# Obrecht Missa Caput vs Ockeghem Missa Caput



## deprofundis (Apr 25, 2014)

I heard and bought Missa Caput only to discover Ockeghem has his Missa Caput version...
Obrecht Missa Caput did not impressed me like the graindelavoix ensemble version of Ockeghem Missa Caput.

Either graindelavoix is a very good ensemble or Obrecht mass is not superior to Ockeghem?
am i wrong,what your verdict , me im ordering missa caput by Ockeghem tomorrow.

I was blownen away :tiphat:


----------



## Chordalrock (Jan 21, 2014)

Graindelavoix adds a lot of ornamentation to Ockeghem's lines at times, I don't know why - maybe they have some good reason for doing it, I'm no expert - but either way it changes the way the mass sounds, rather dramatically.

The Clerks did a more conventional recording of it, along with the complete Ockeghem masses (Missa Caput NOT included in the box set).

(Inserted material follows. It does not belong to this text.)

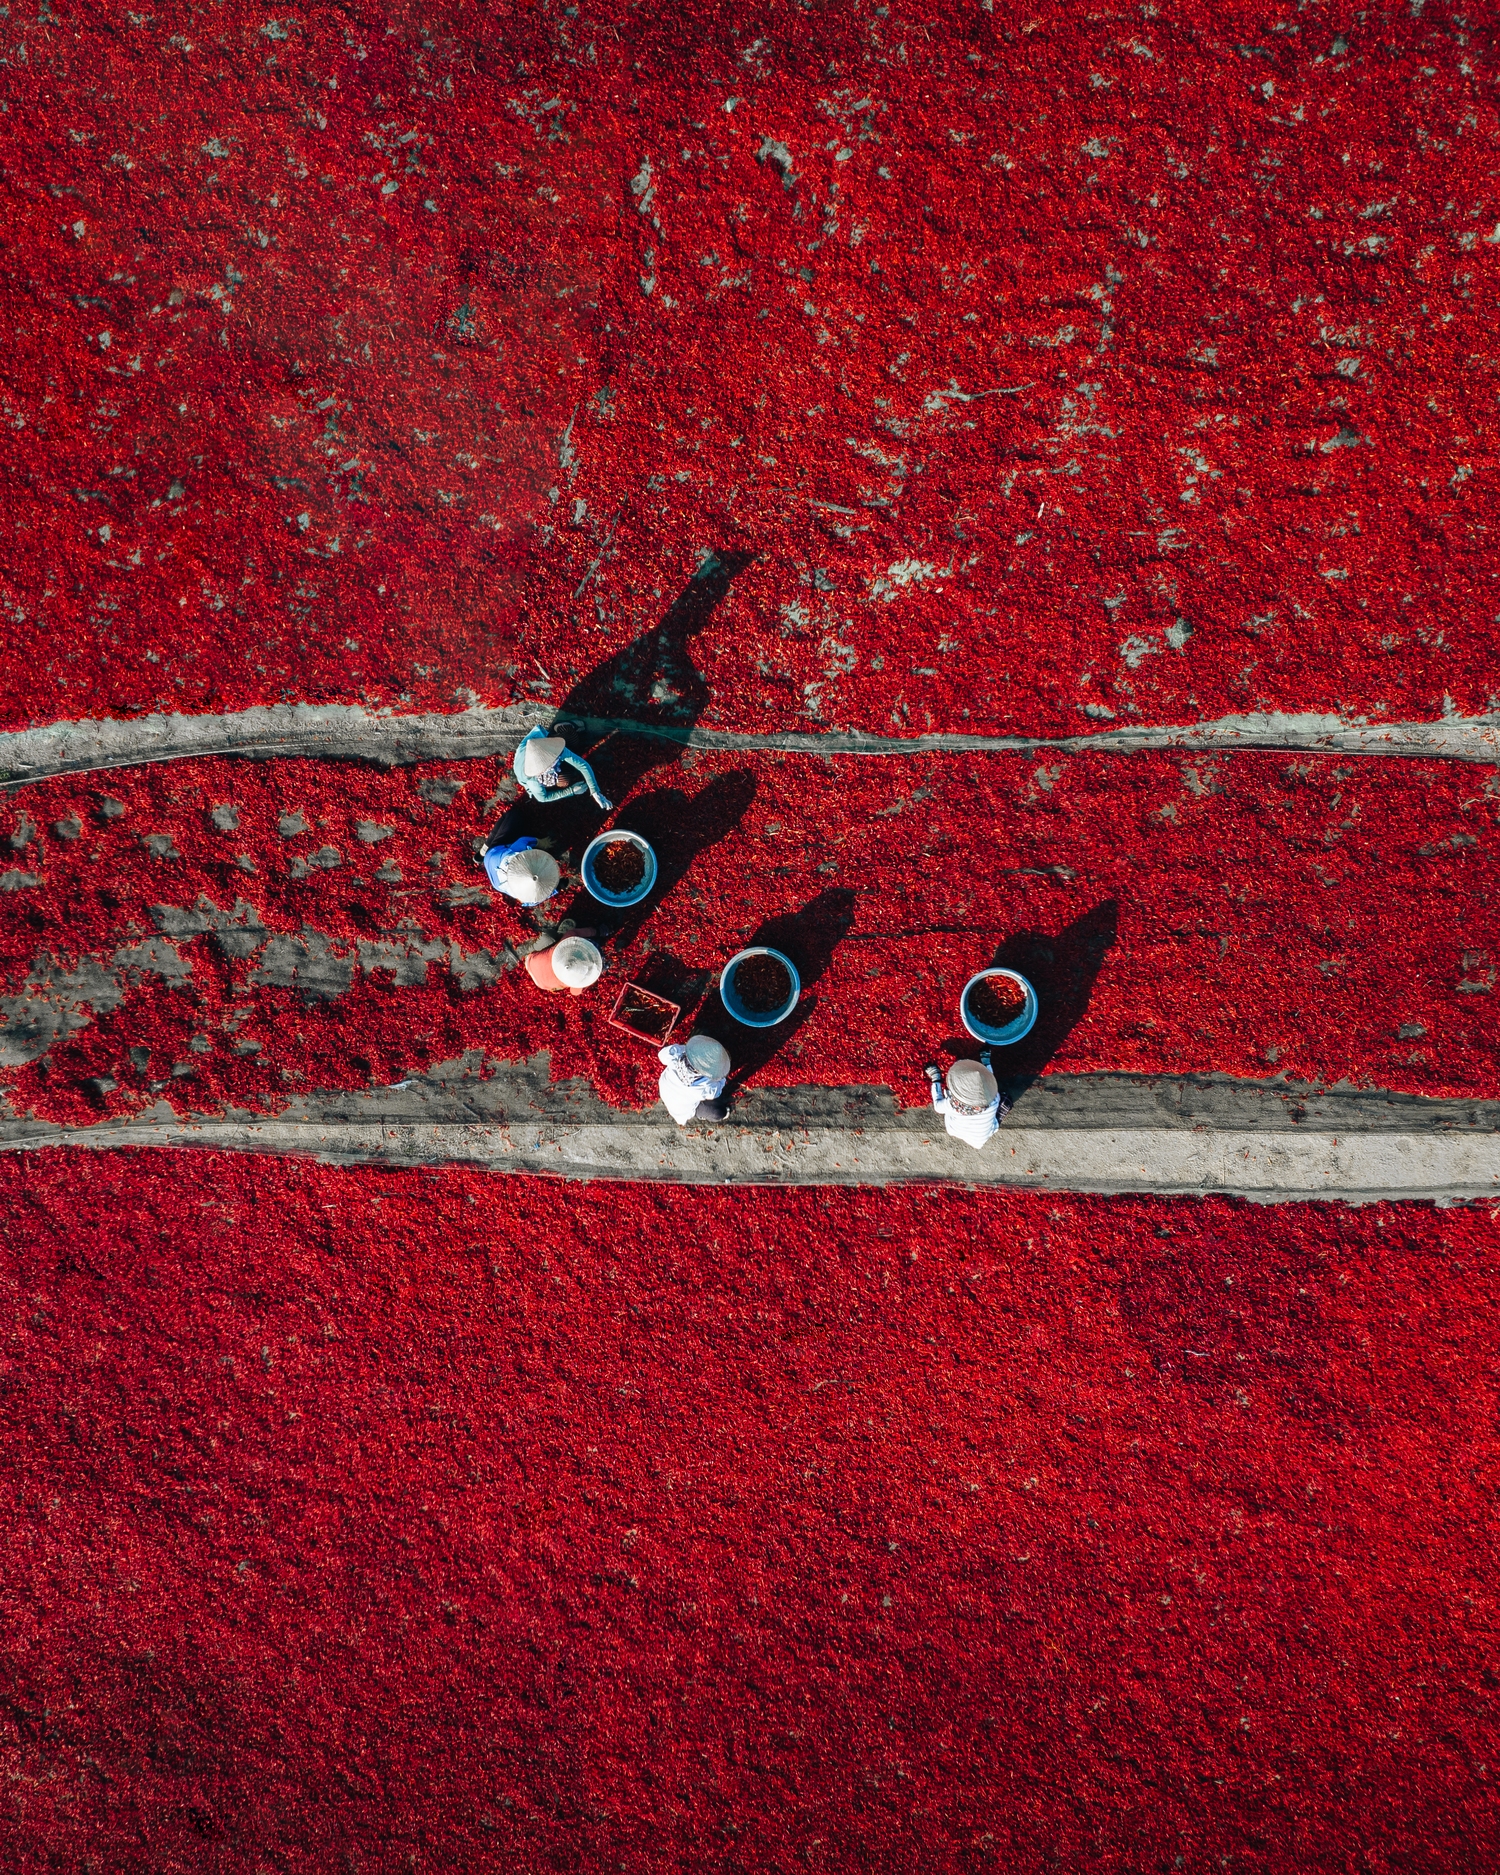 A bird's-eye view taken by Benjamin Tortorelli of farmers drying chilies in Quy Nhon City, central Vietnam.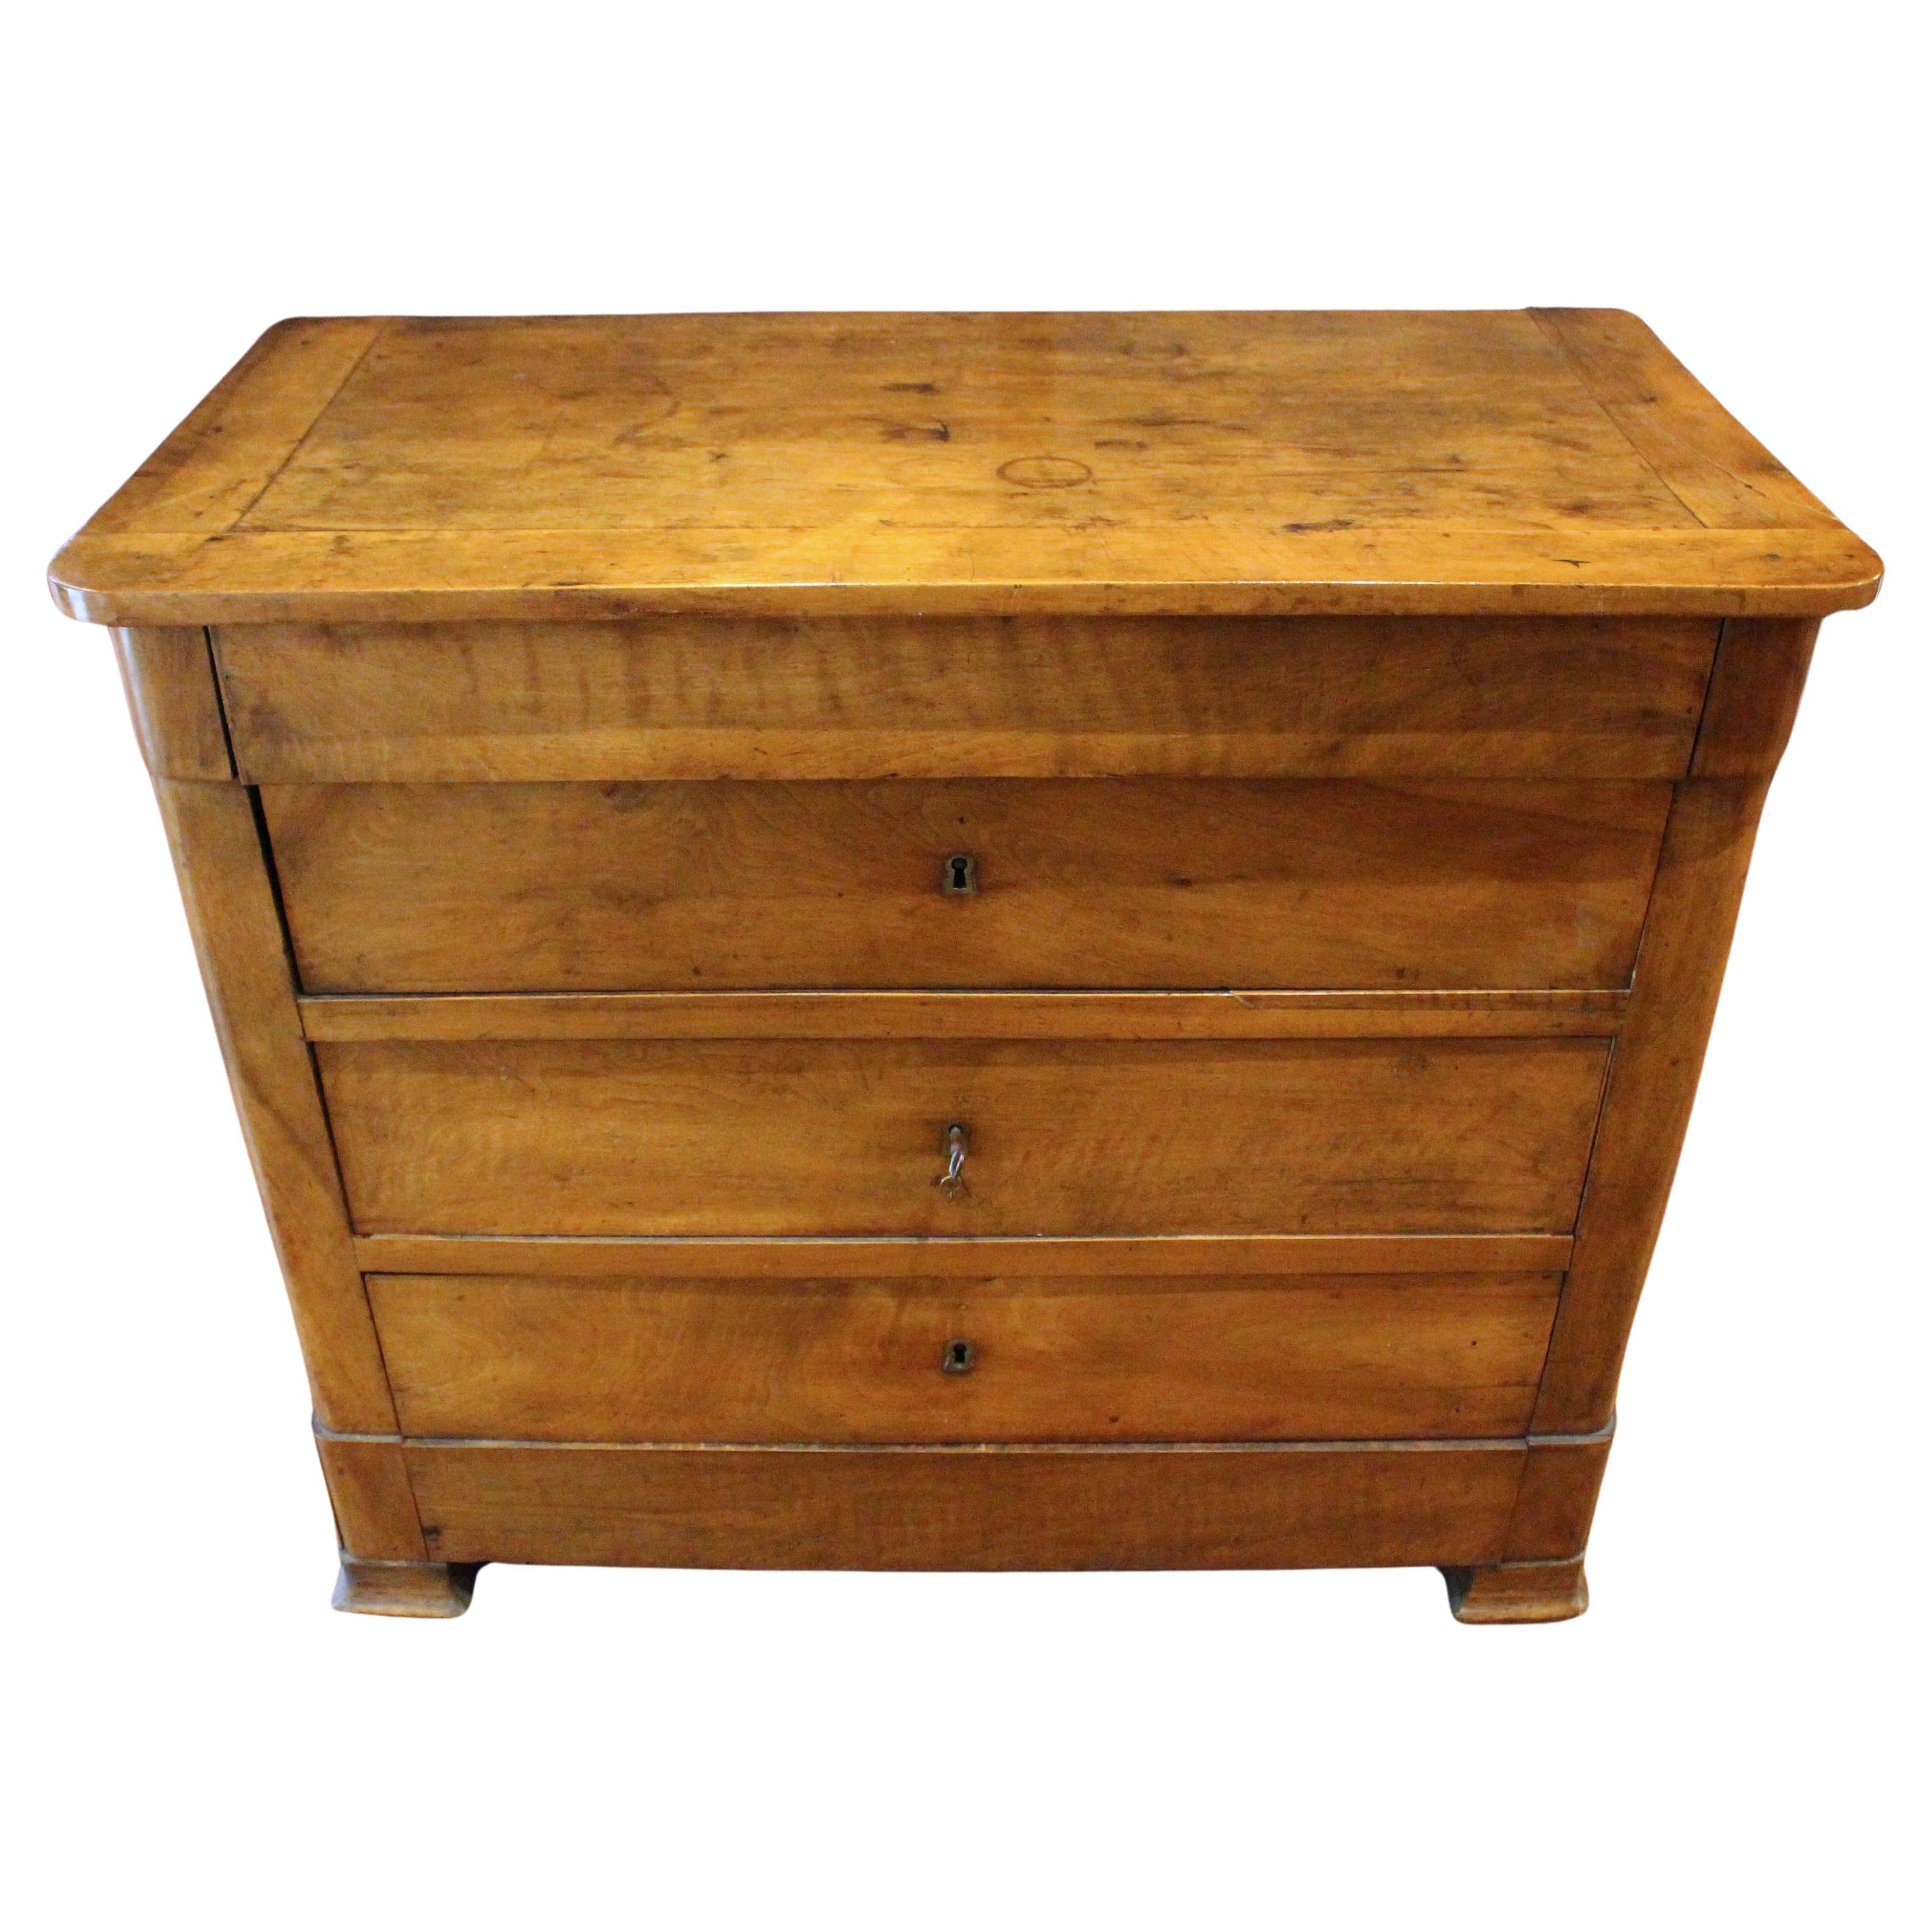 Circa 1830 Country French Louis Philippe Commode Chest of Draps en vente

The Clerks are great, but often too fast for my taste. 

I've been listening to rather a lot of Ockeghem lately, and my favorite interpreters by far are The Sound and the Fury, especially in the Missa Mi-mi. There hasn't been a new recording from them for two years or so, but I'm still hoping they might record some more Ockeghem, a Missa Caput recording would be great. People who know better than me have named that mass as one of Ockeghem's best. Whether you prefer it to the Obrecht might come down to whether you prefer Ockeghem's style or Obrecht's.


----------